> _Aim of the exercise_
Set down nothing but the lines from the one containing "Silhouettes of Stoke: A" to the final line of the material, exactly as written, and drop the pictures.
Start of Data below
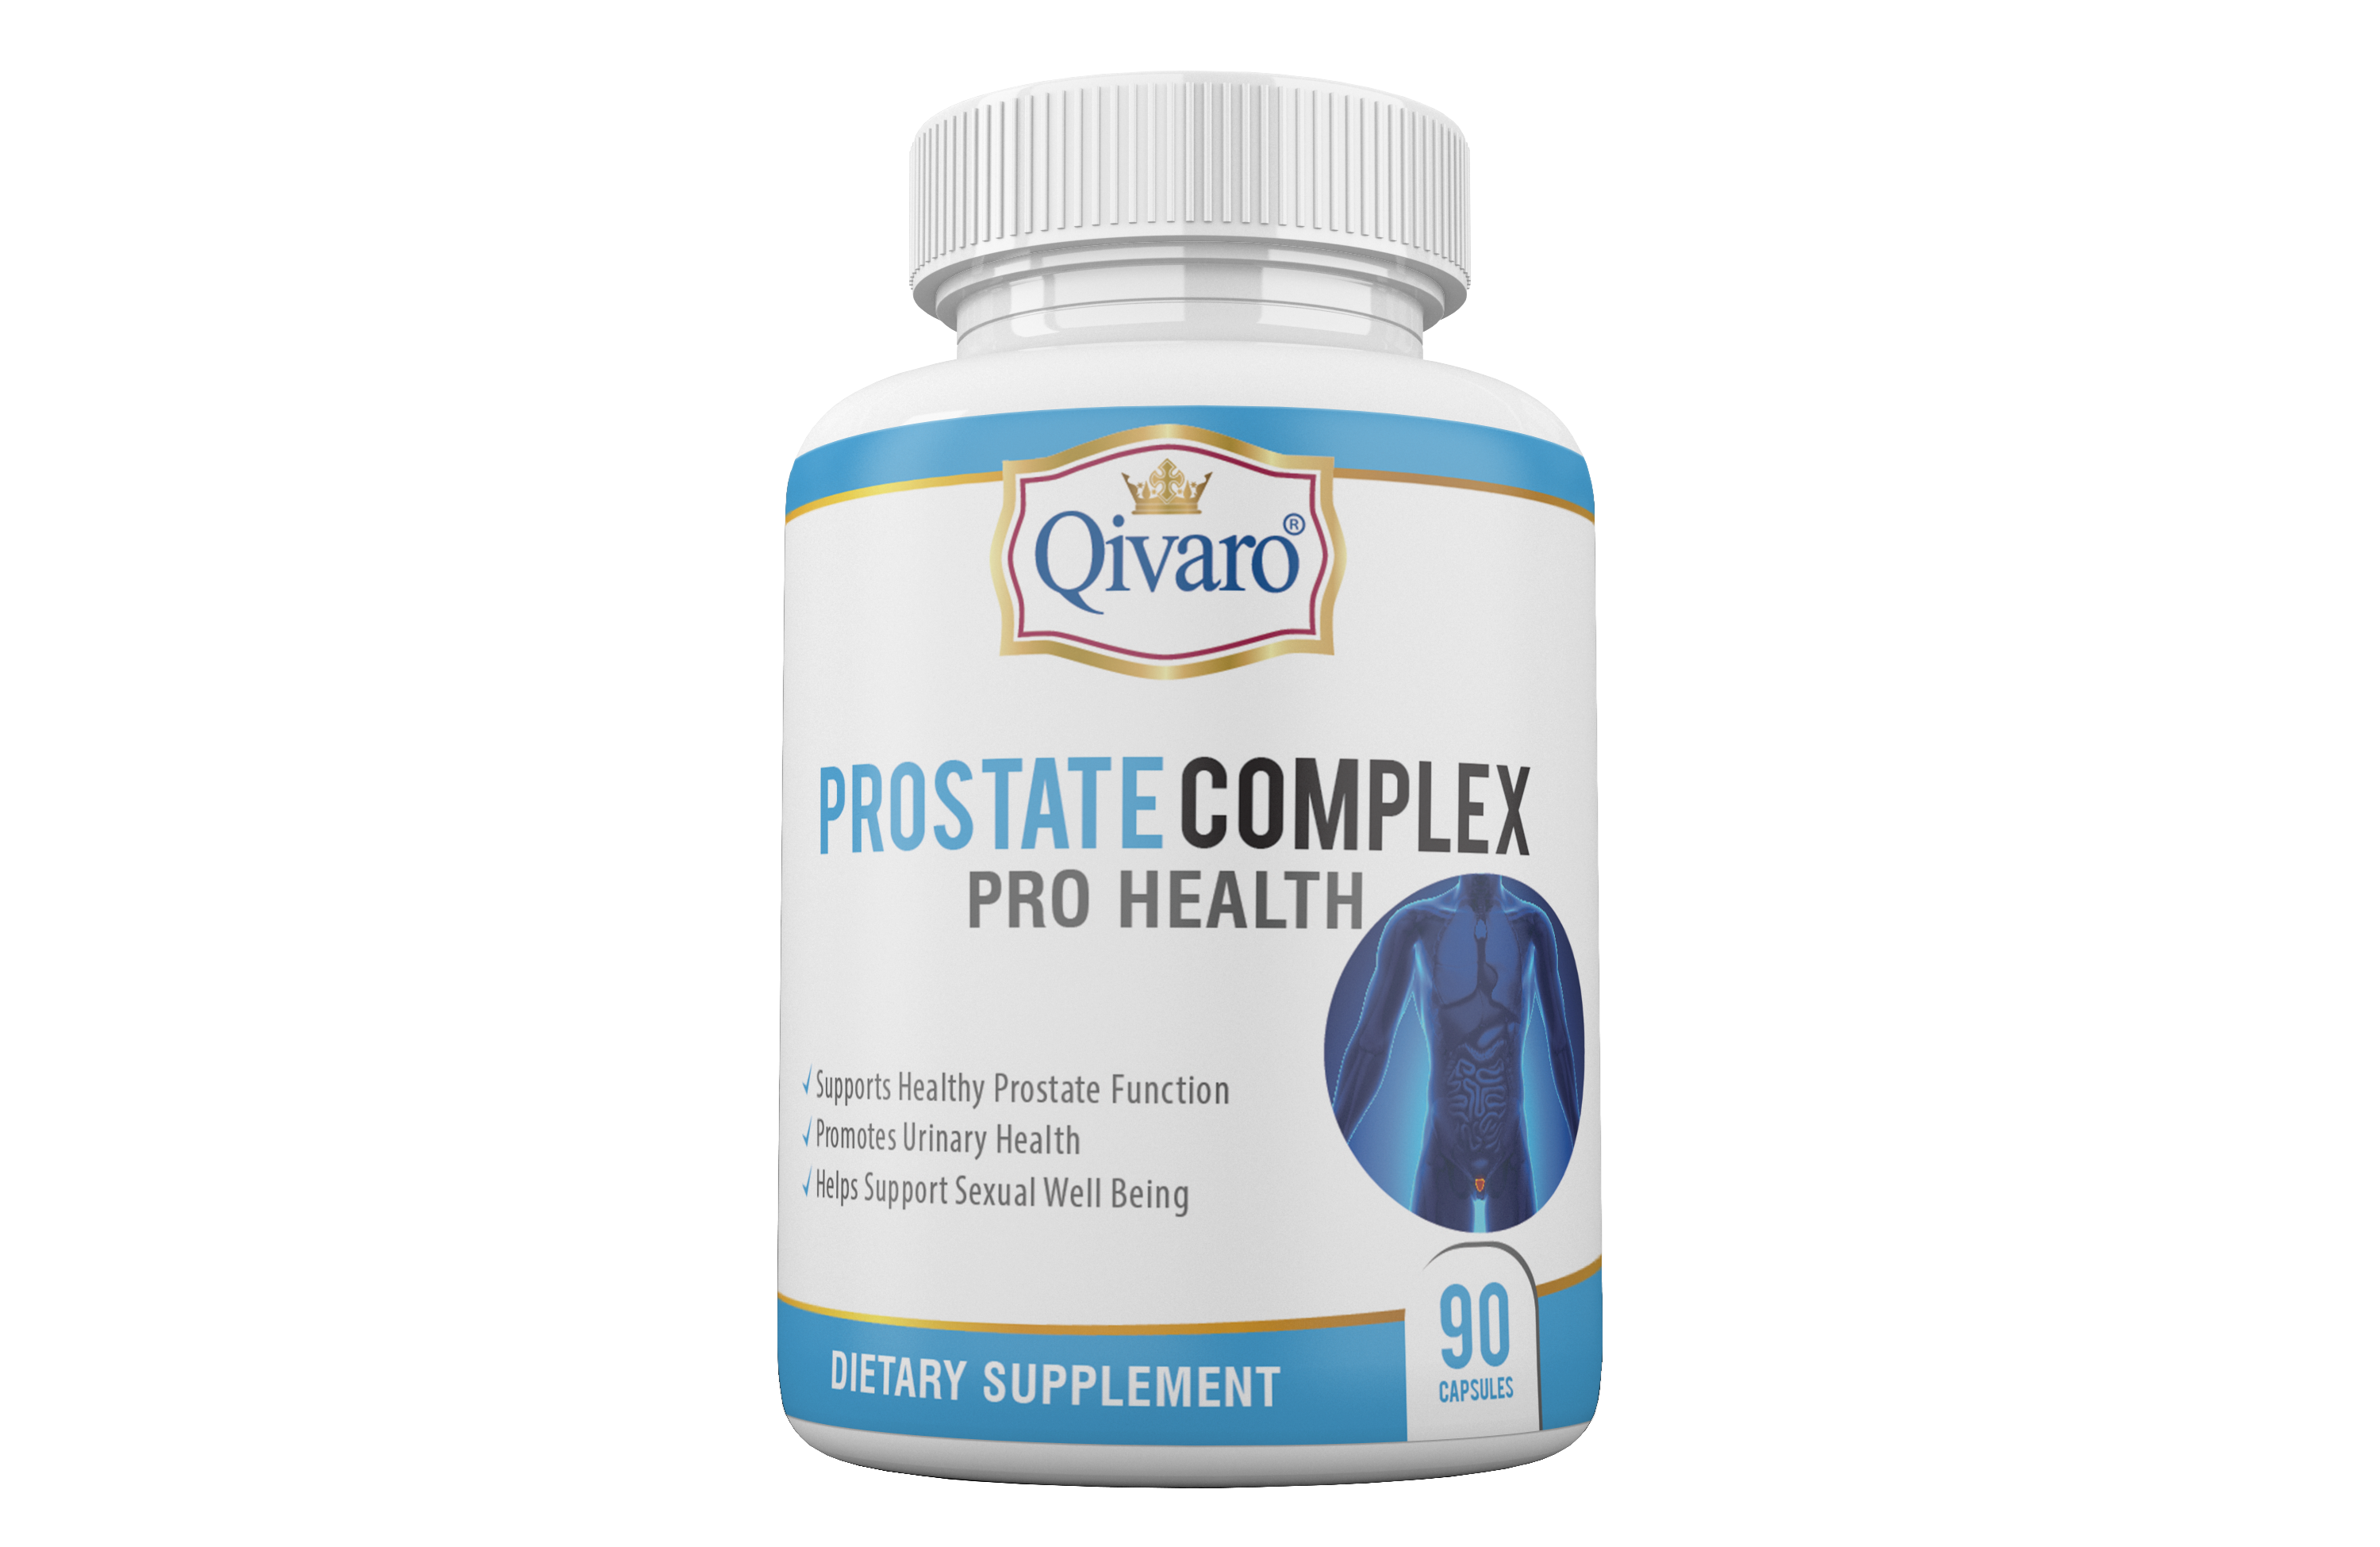 QIH45: Prostate Complex Pro Health by Qivaro
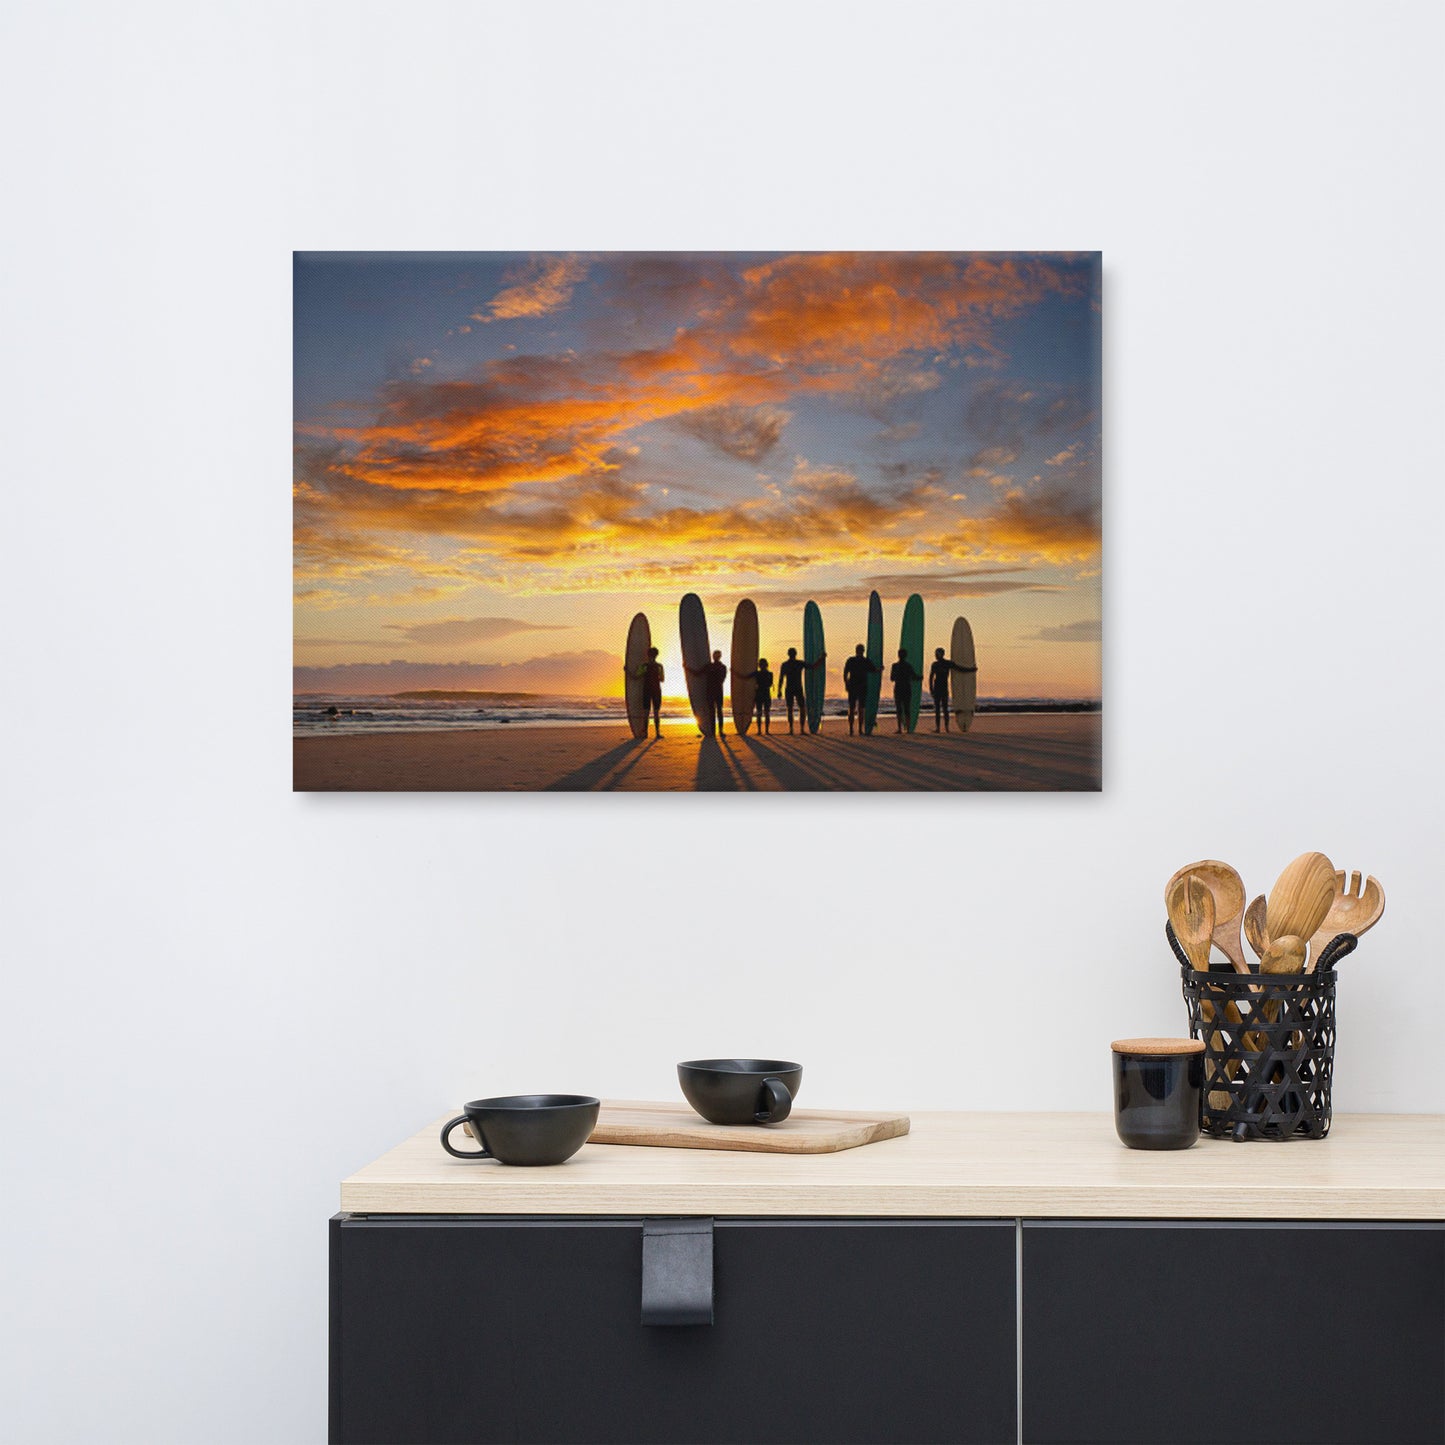 Silhouettes of Stoke: A Malibu Sunrise Coastal Lifestyle Abstract Nature Photograph Canvas Wall Art Print
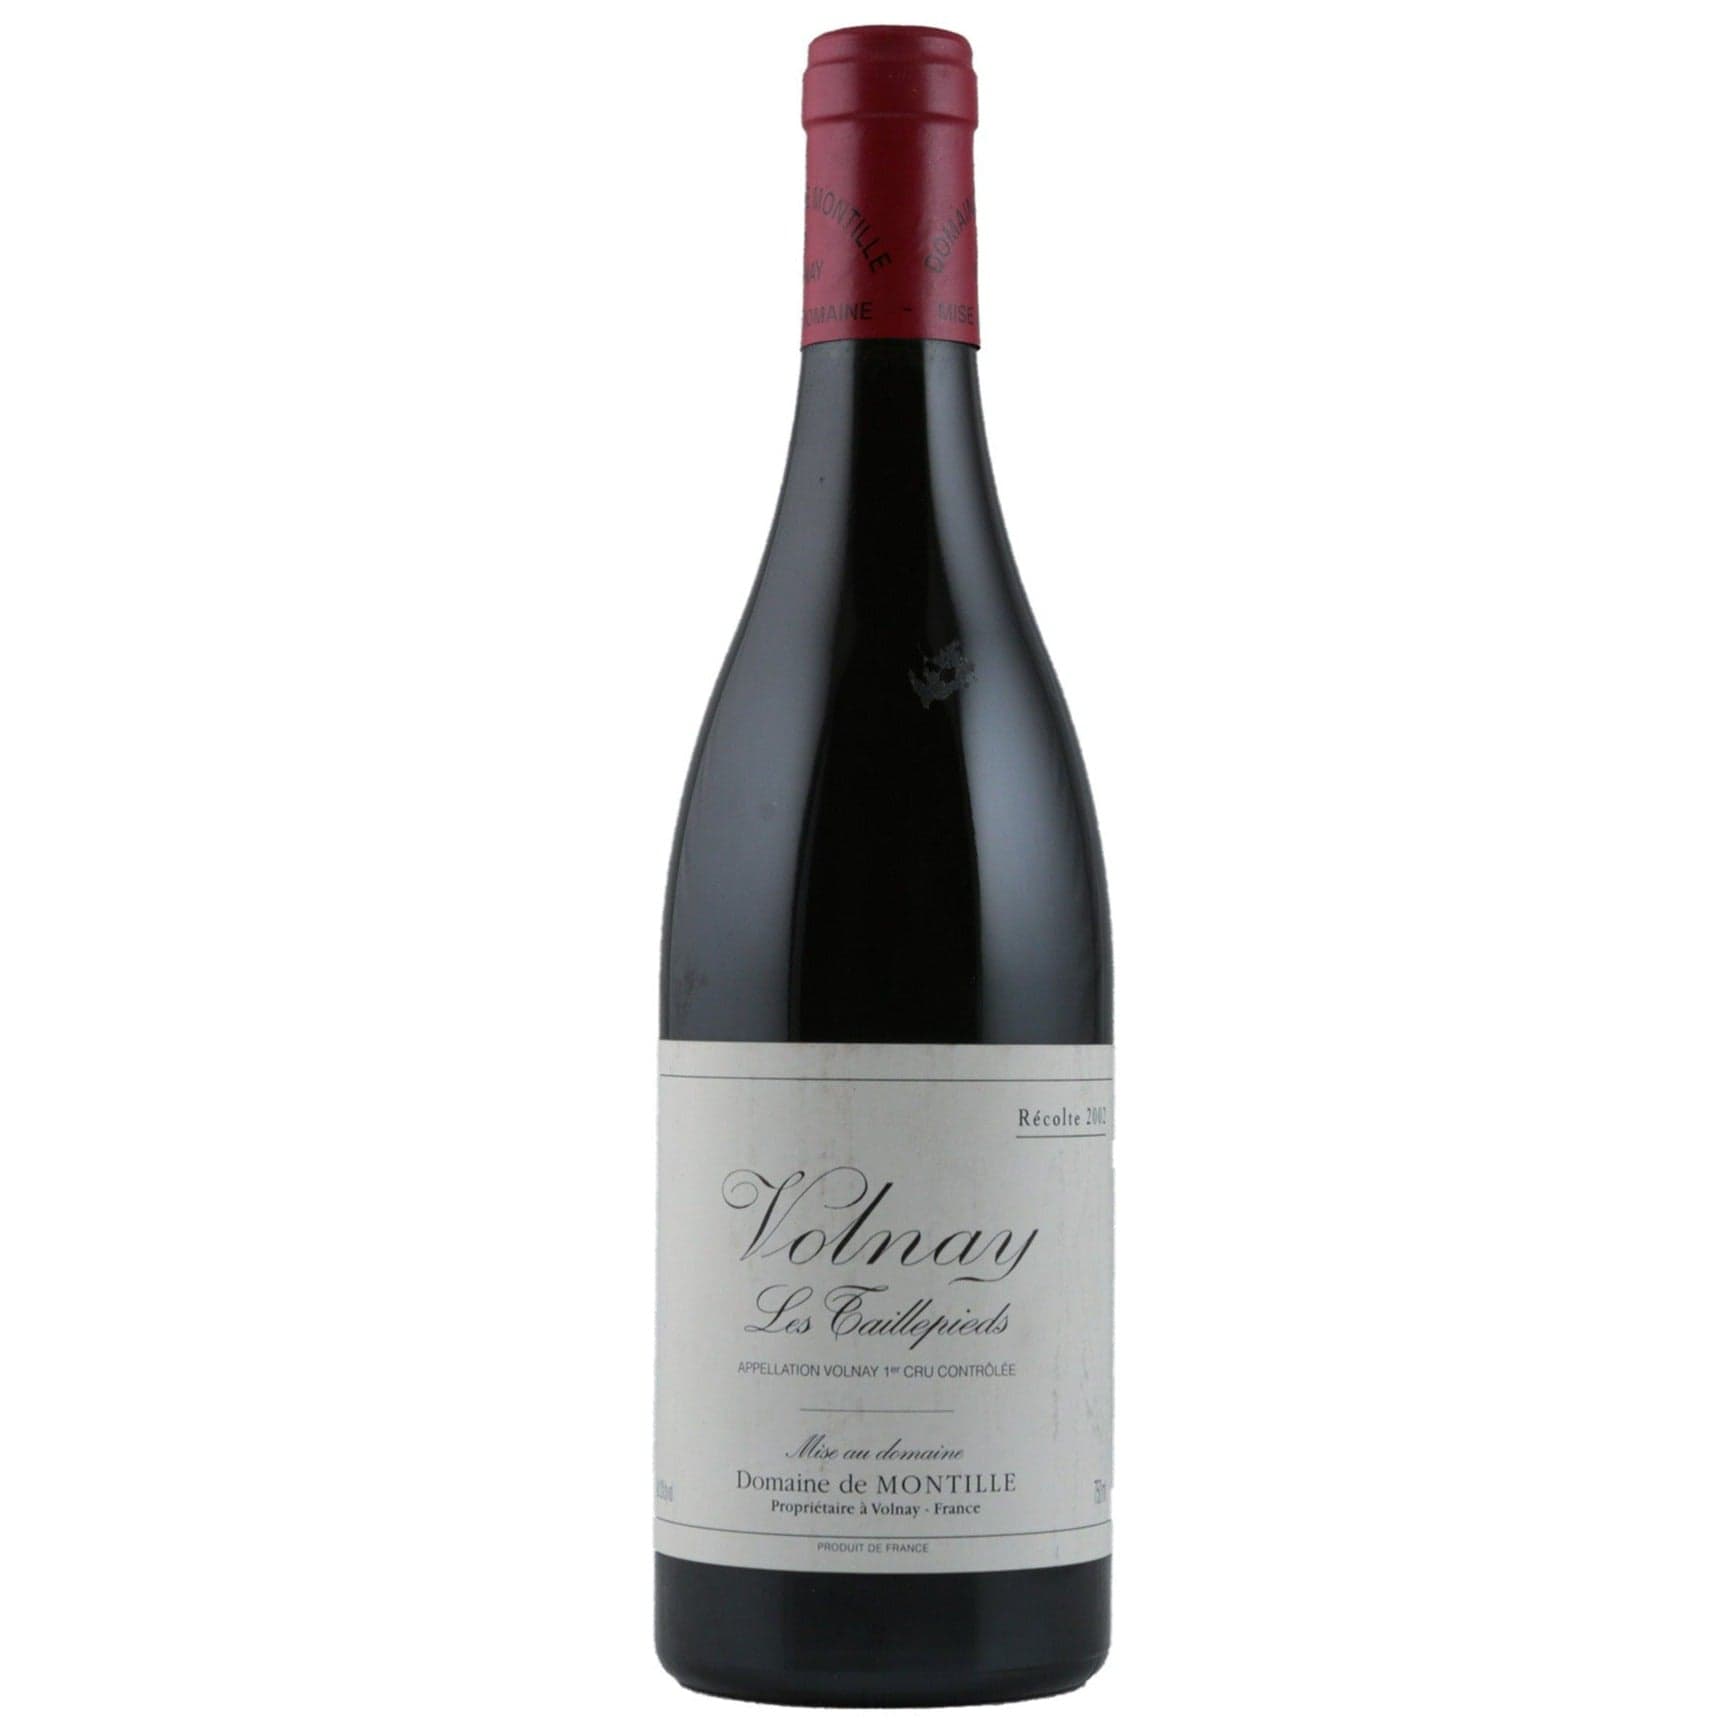 Single bottle of Red wine Dom. de Montille, Les Taillepieds Premier Cru, Volnay 2002 100% Pinot Noir
End of Data below
> _Answer box_
 Silhouettes of Stoke: A Malibu Sunrise Coastal Lifestyle Abstract Nature Photograph Canvas Wall Art Print
 Single bottle of Red wine Dom. de Montille, Les Taillepieds Premier Cru, Volnay 2002 100% Pinot Noir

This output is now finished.